Data extract:

★ ★ ★ ★ ★

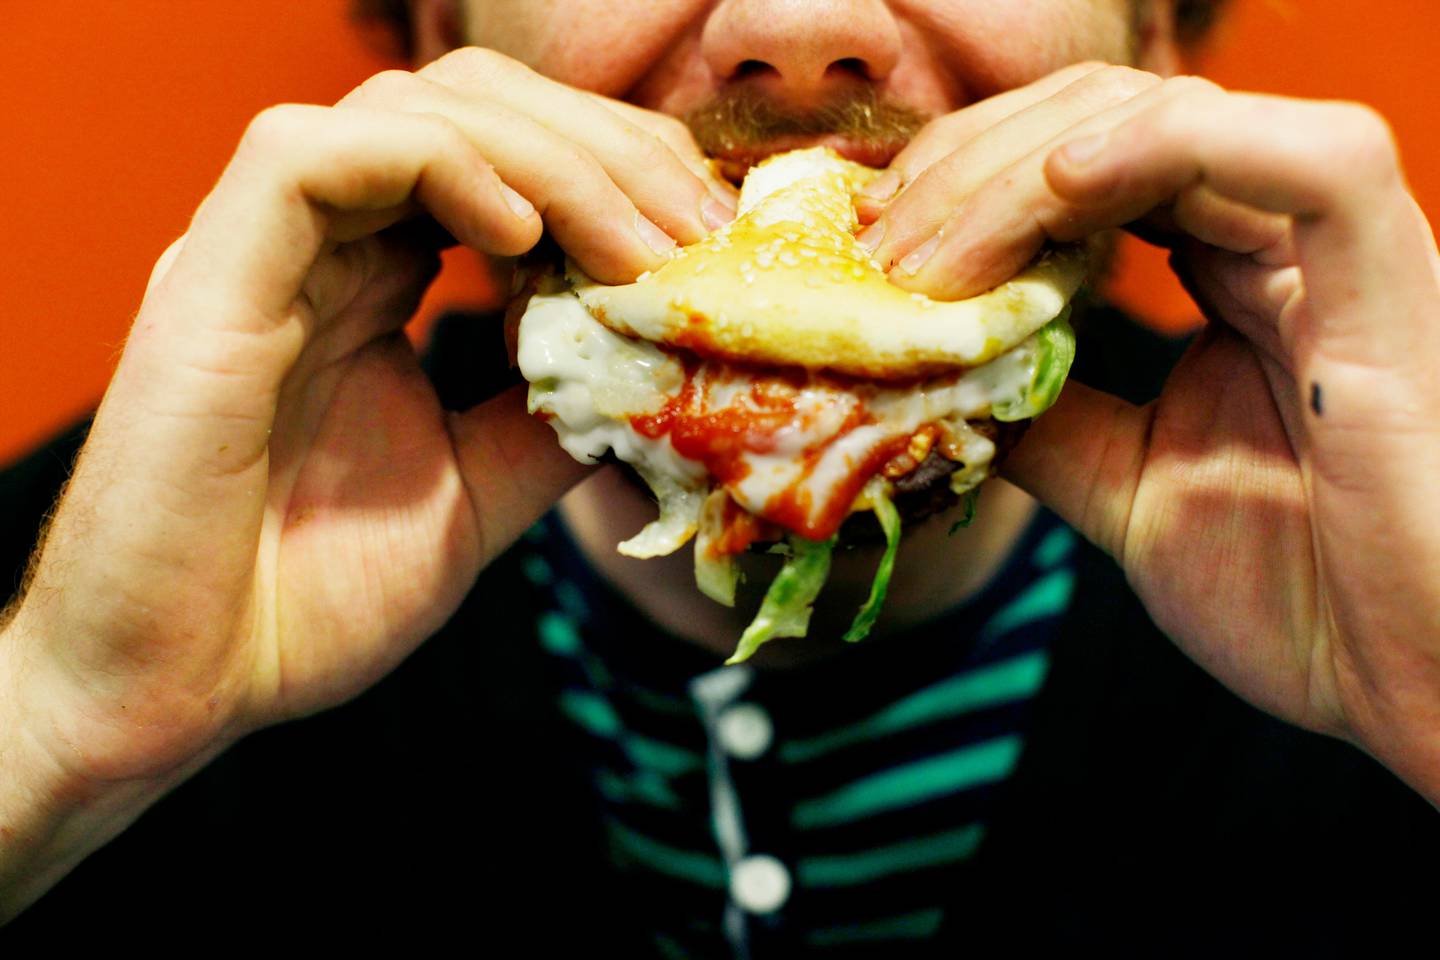 OSLO 20090527:
Fedme og fet mat. Hamburgere og chips er både populært, fett og junkfood. Usunt kosthold. Usunn. Mann med munnen full av hamburger.
Foto: Sara Johannessen / SCANPIX
NB! Modellklarert

★ ★ ★ ★ ★

Would you output the lines from the one that contains "Fedme og fet" to the end of the data, both ends included, exactly as they appear?

Fedme og fet mat. Hamburgere og chips er både populært, fett og junkfood. Usunt kosthold. Usunn. Mann med munnen full av hamburger.
Foto: Sara Johannessen / SCANPIX
NB! Modellklarert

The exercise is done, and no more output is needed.